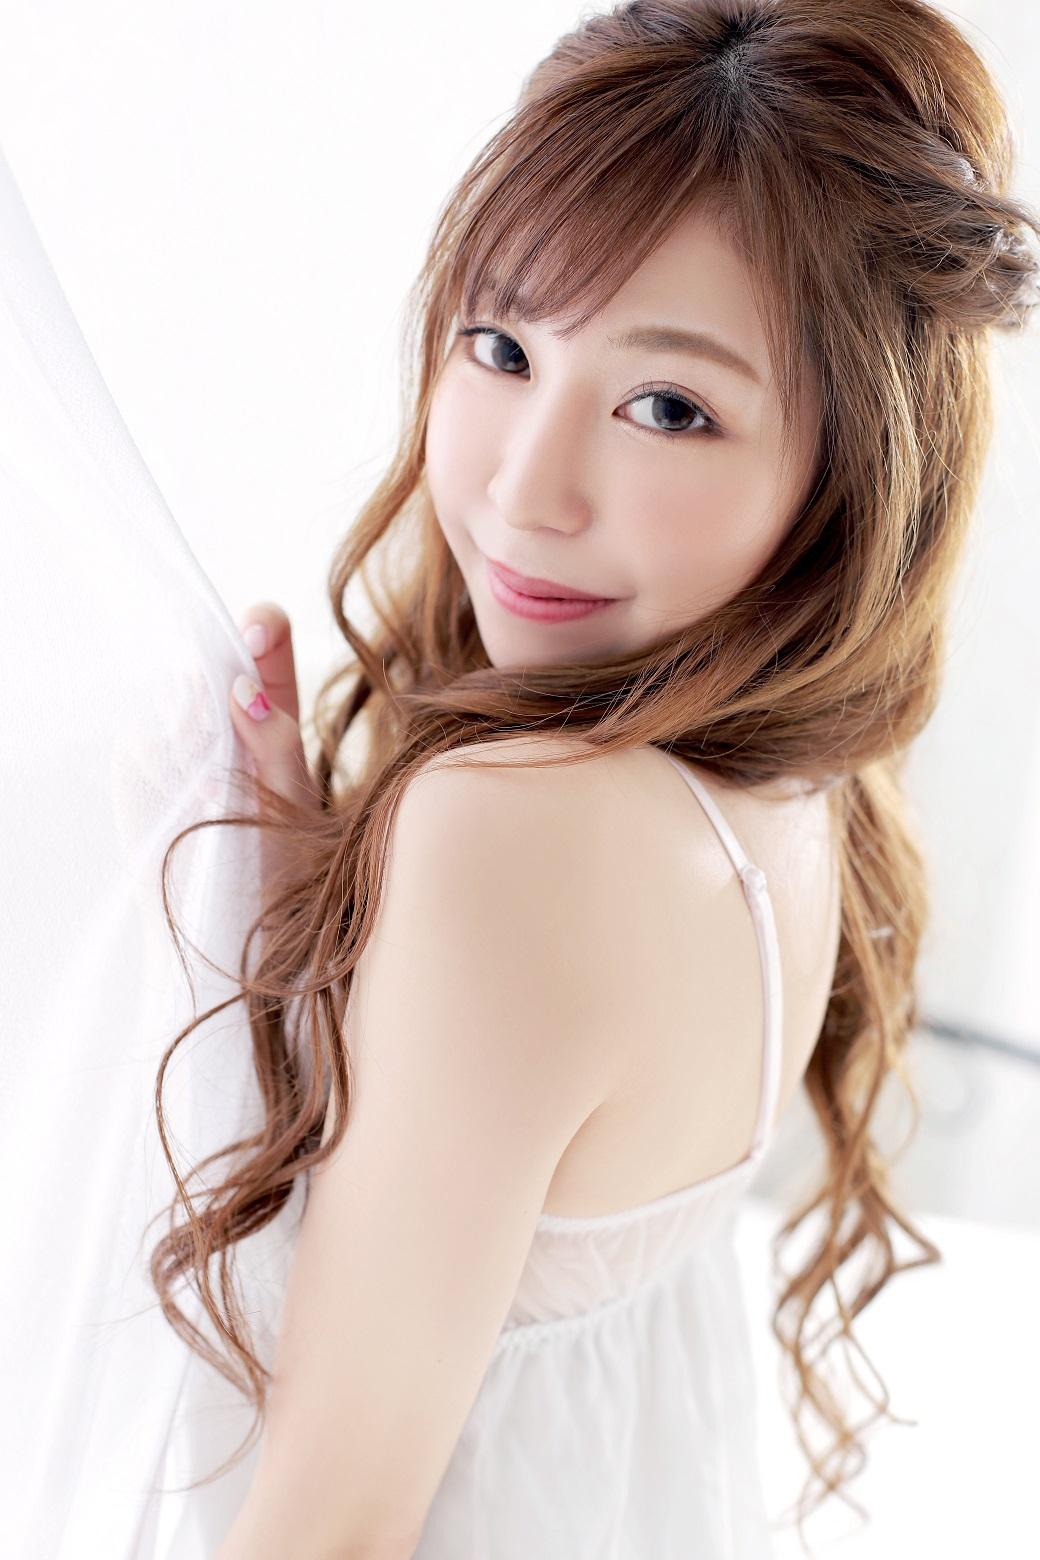 ichinose_emiri_s_t_06
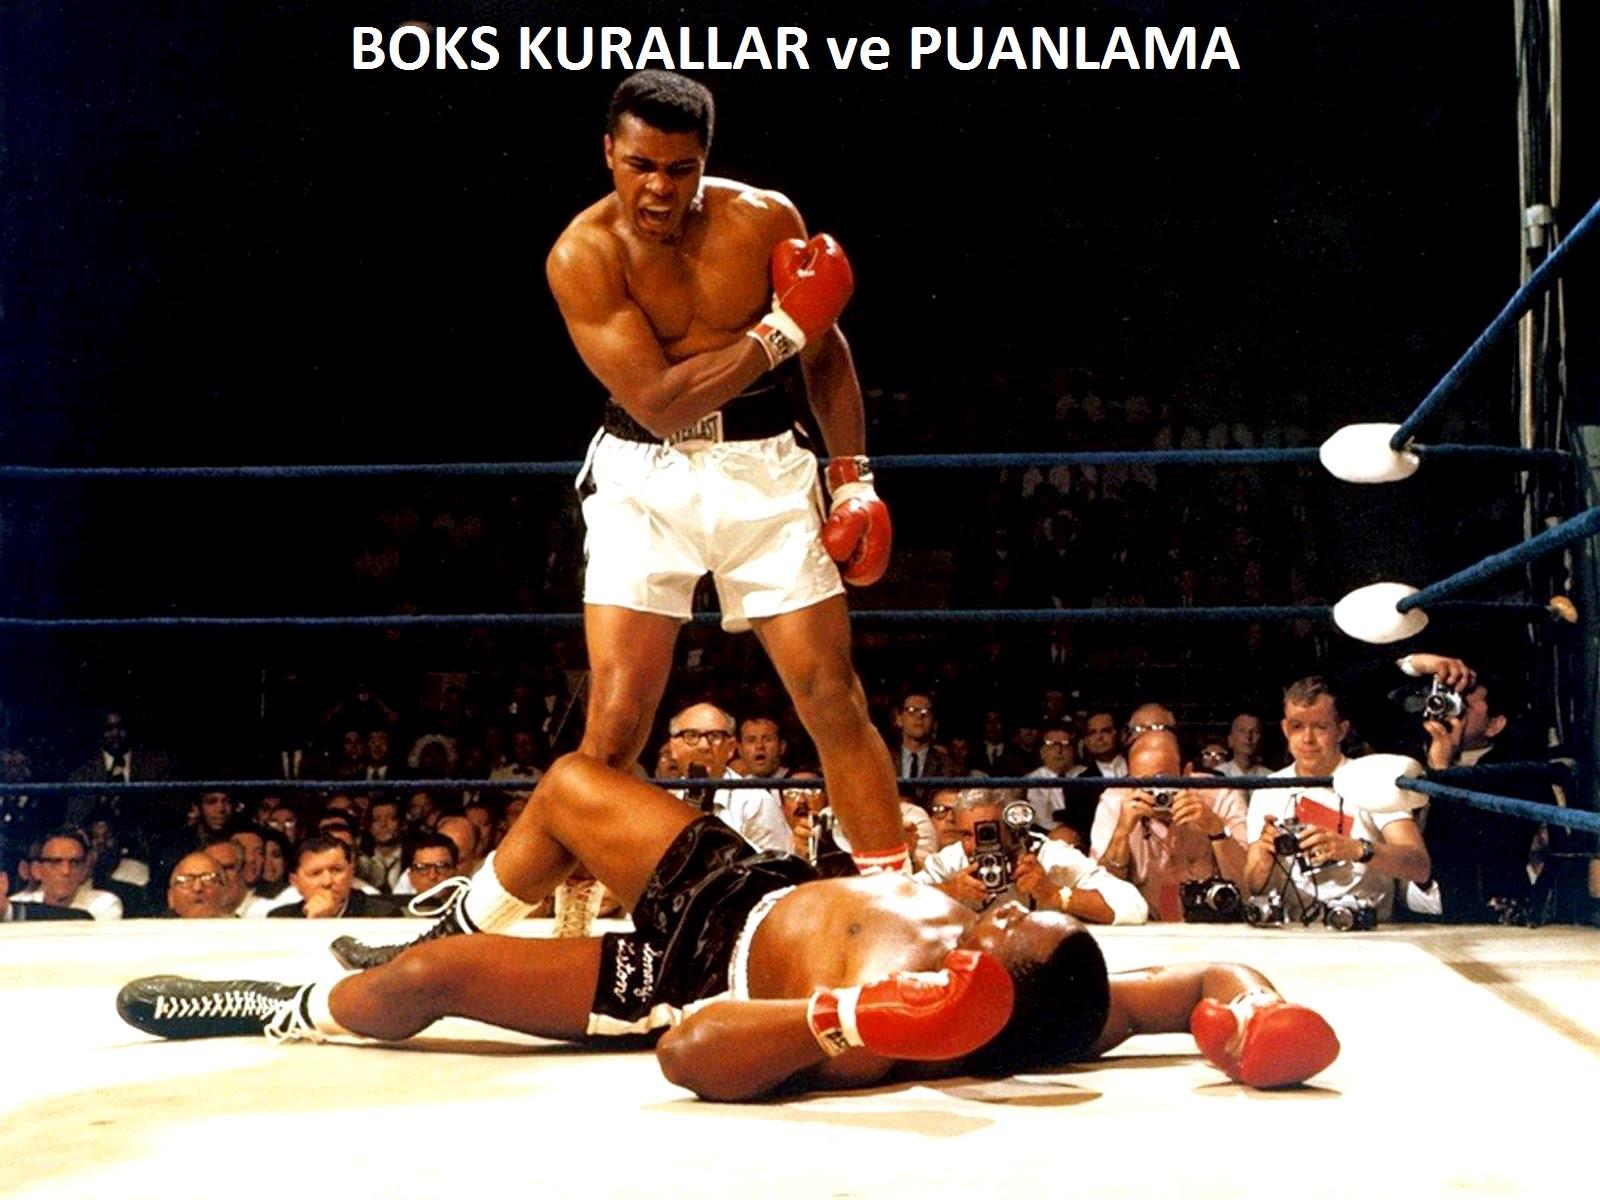 boks kuralları, kurallar, puanlama, boks puanlaması
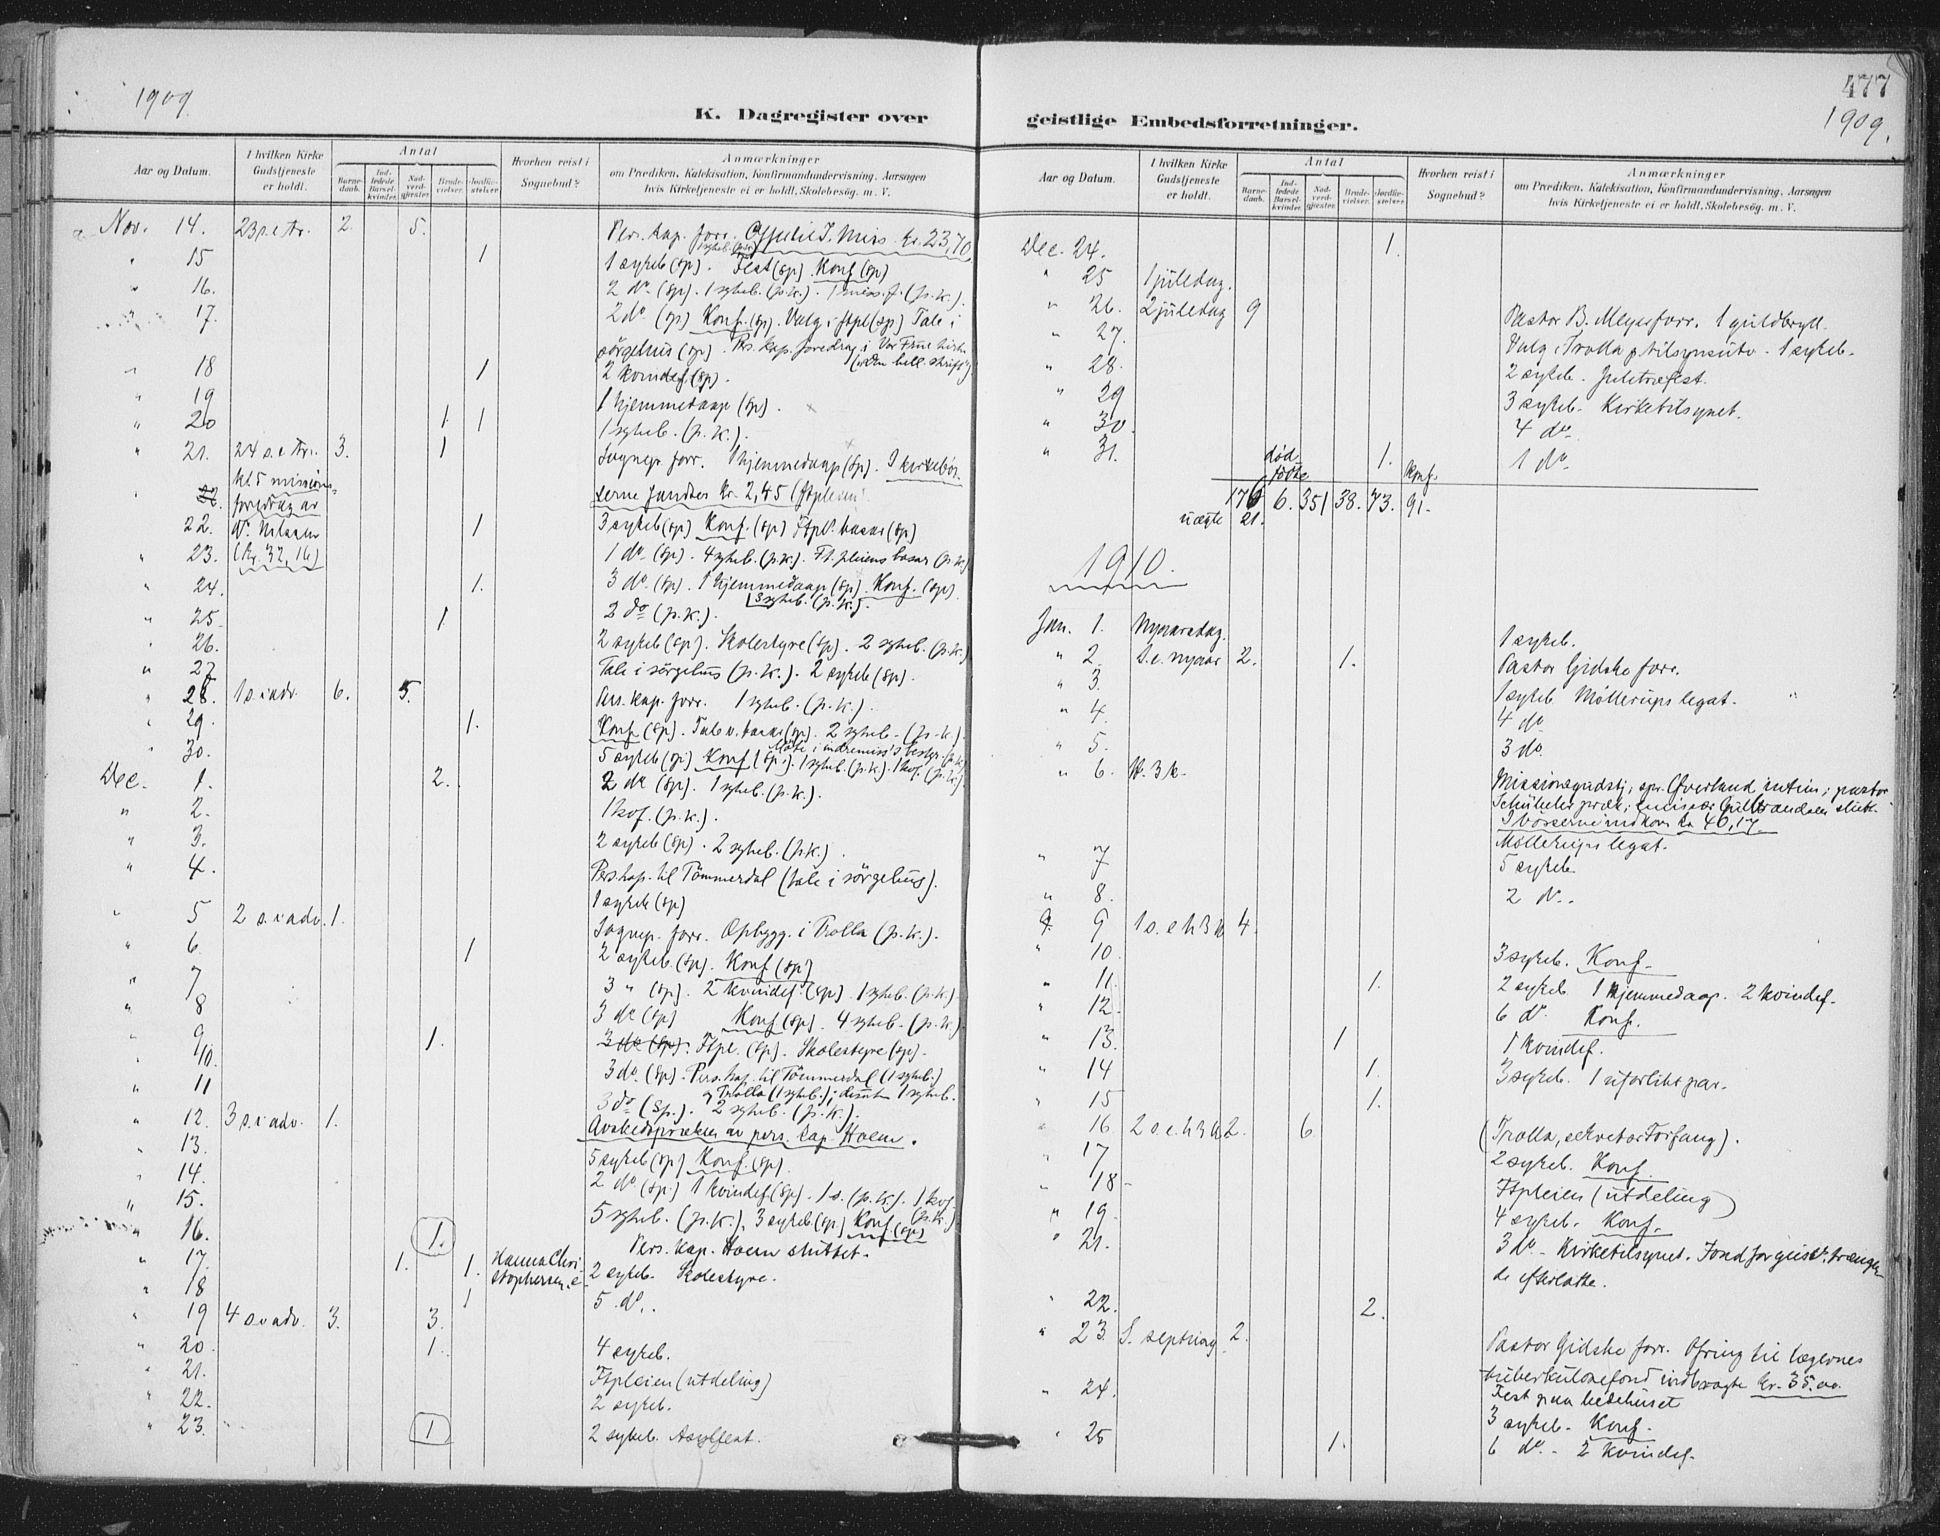 SAT, Ministerialprotokoller, klokkerbøker og fødselsregistre - Sør-Trøndelag, 603/L0167: Ministerialbok nr. 603A06, 1896-1932, s. 477
━━━━━━━━━━━━━━━━━━━━━━━━━━━━━━
**WORK TO COMPLETE**
Everything from the line containing "boks kuralları, kurallar, puanlama, boks" to the final line of the listing above, both ends included, should be transcribed word for word, except for the pictures.

**ANSWER SECTION**
 boks kuralları, kurallar, puanlama, boks puanlaması
 SAT, Ministerialprotokoller, klokkerbøker og fødselsregistre - Sør-Trøndelag, 603/L0167: Ministerialbok nr. 603A06, 1896-1932, s. 477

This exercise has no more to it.